At the Nov. 10 kidney foundation event, Simpkins will put out a dish that's decidedly fancy—"fall spiced" crispy pork belly served in a butternut squash soup with an apple butter syrup and crispy fried sage—but day-to-day his focus is the simple, homemade comfort food he serves up at Richardson Farms.

The Ebenezer Road market, where he said he works as the only American Culinary Foundation-certified executive chef on a farm in the U.S., opened under his direction a little more than two years ago.

"They hired me a month-and-a-half before it opened," Simpkins said. "My boss ... he said, 'I want a deli, rotisserie chicken, and sandwiches ... other than than, no clue."

So Simpkins, who at the time was working as a chef instructor at Baltimore International College (now called Stratford University), offered jobs to 11 of his students and set about the task of turning a space that, at the time, didn't even have walls, into the market that you see today.

"I'd never opened a place as an executive chef, it was cool to see it all come alive. It was kind of like my baby," he said. "When I walked into the place I had to put all my culinary, molecular gastronomy, crazy stuff to the side. Two things that came to mind was comfort food and homemade. I took that and ran with it."

And he hasn't stopped running. Simpkins said on average they serve lunch to 200 people every day. Each week they're going through 400 pounds of homemade mac and cheese and in a year they sell close to 20,000 chicken pot pies.

"When we first opened, I was getting there at 7 a.m. to bake the bread for the sandwiches that day … that’s how slow we started. Now we have five bakers," he said. "We used to cook collards in a 5 gallon stockpot, now we cook them in a 15 gallon kettle."

Through it all, a few things have remained constant: Simpkins, and two former students—current sous chef Craig Salemi and hot foods manager turned marketing manager Heather Hulsey.

Simpkins, who called the model for Richardson's "seed to table," said that the success of the business can in some ways be attributed to changing attitudes about food.
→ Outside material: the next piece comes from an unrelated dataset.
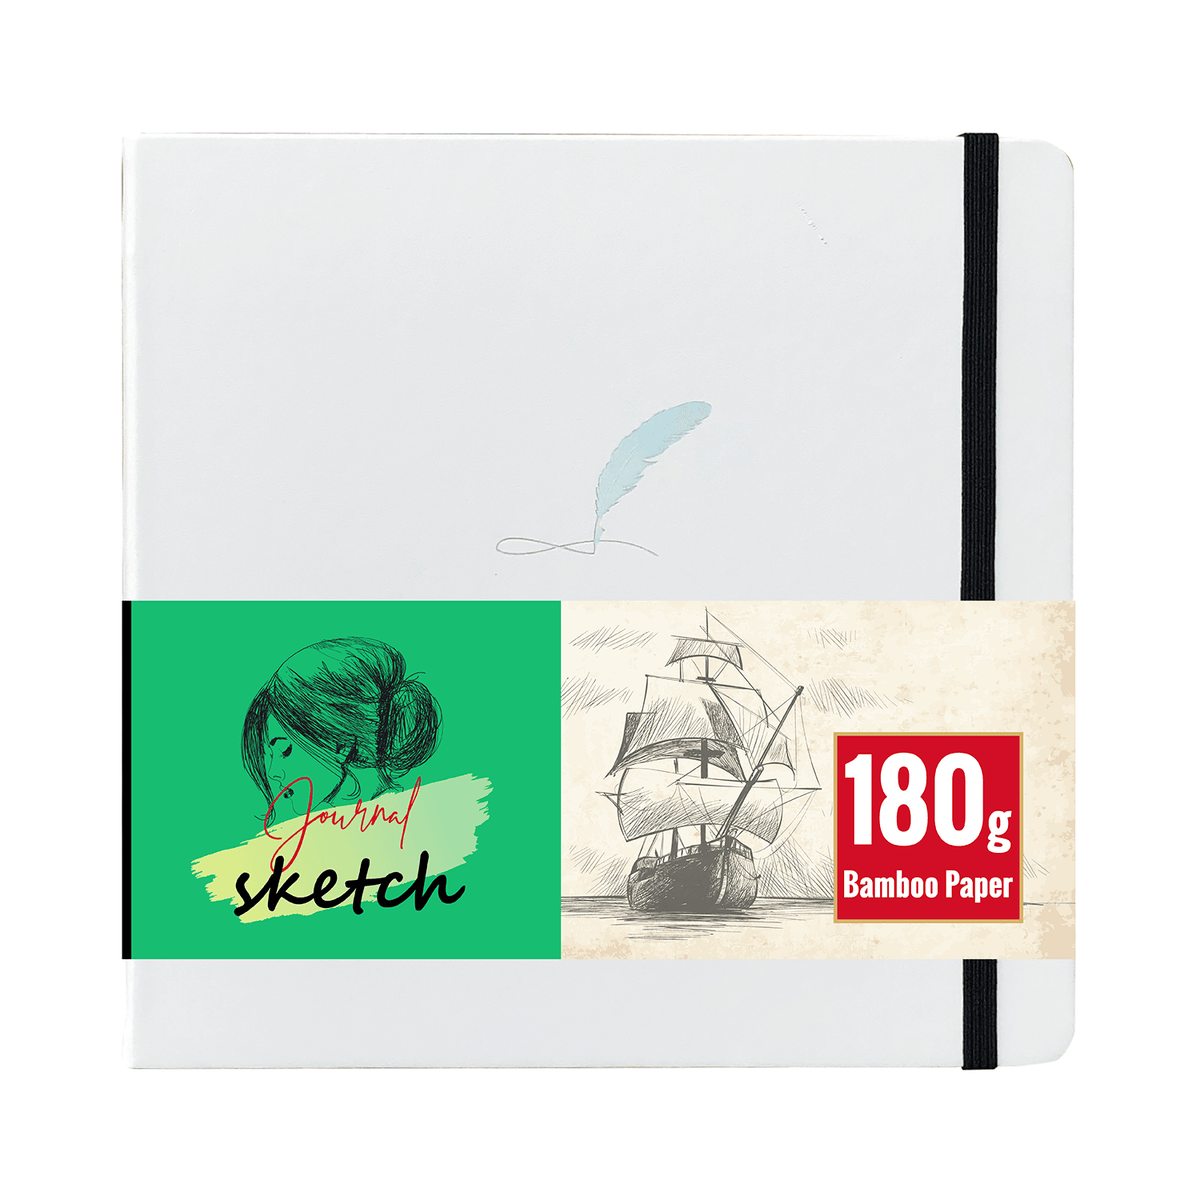 8X8 Square Hardcover SKetchbook Journal 180GSM Bamboo PAPER 128 Pages - Purple sage - bukenotebook
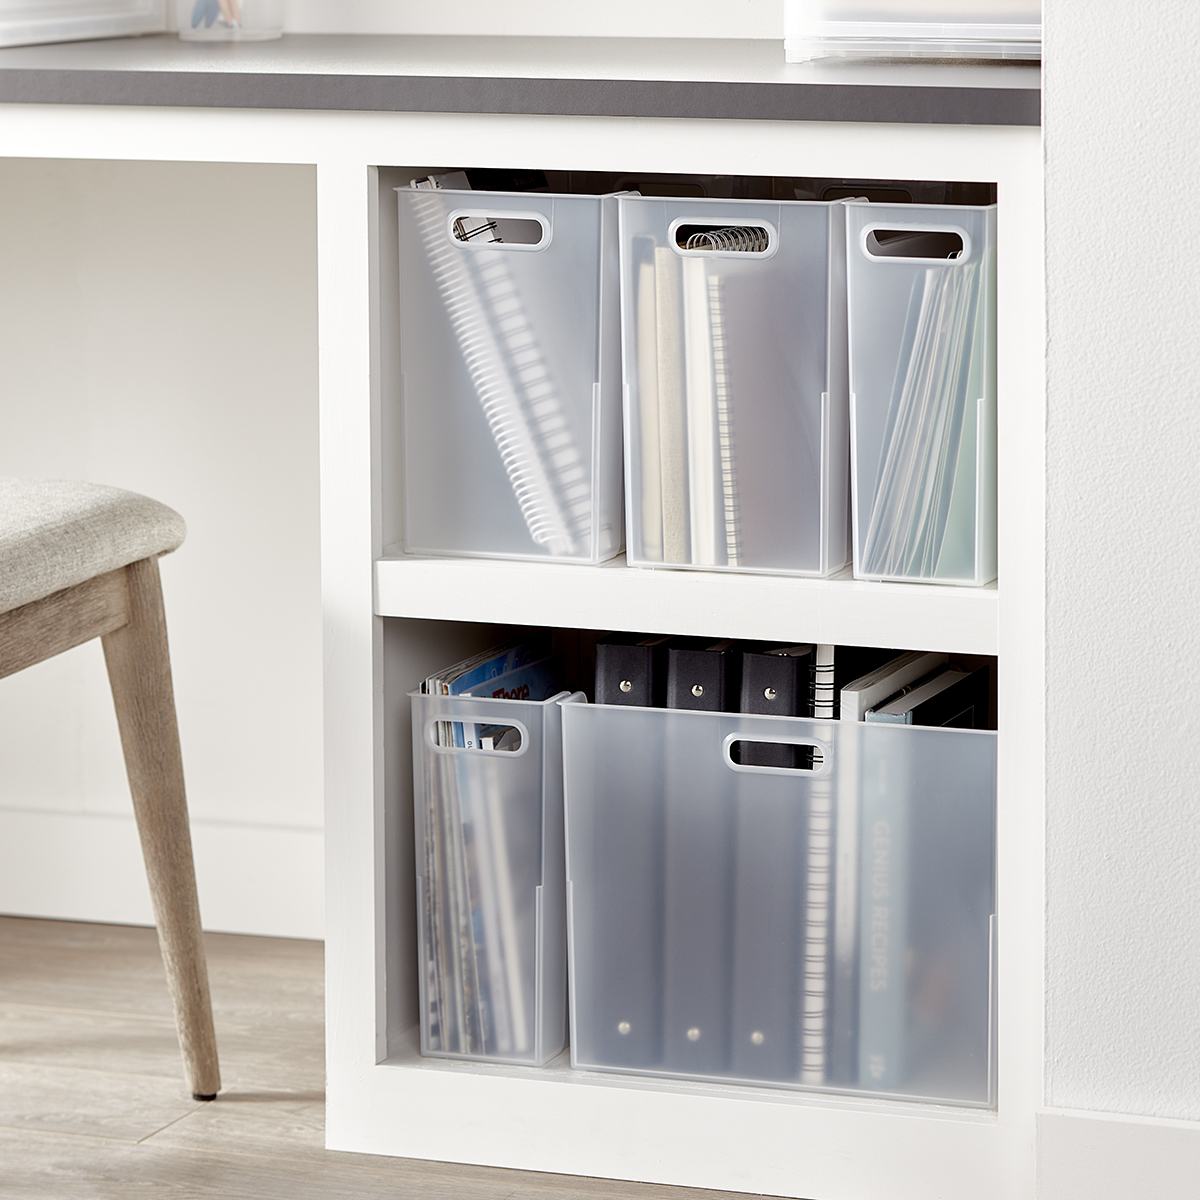 https://www.containerstore.com/catalogimages/434740/10080905g_Shimo_tall_bins.jpg

"I think our generation is getting back to the buying local. I always tell people, 'Our great-grandfathers—if they wanted fish they went to a boat, if they wanted meat they went to a butcher. If they wanted produce they went to a farm—now they go to WalMart,'" Simpkins said. "Giant is buying from a wholesaler, shipped from god-knows-where. When people buy from Richardson’s they’re going to the direct source."

At the height of growing season the farms—one in White Marsh and one in Glen Arm—produce it all: from corn to zuchhini.

"What we don't grow, we buy local. We're all about local and supporting the local economy," he said.

When he first moved to Baltimore County eight years ago to work as the executive chef at the Sheraton hotel in Towson, Simpkins—who has travelled extensively for work—didn't expect to set down his roots here, but he says he found something special.

"They say 'I work like a Richardson and get paid like a Richardson,'" he said. "They treat me like family—I go to their house for Thanksgiving ... Diane [Richardson] watches my kids. I get Christmas presents for my kids, like [owners Bob and Barb Richardson] were my parents. They’re a hardworking family that has a big, big, big heart."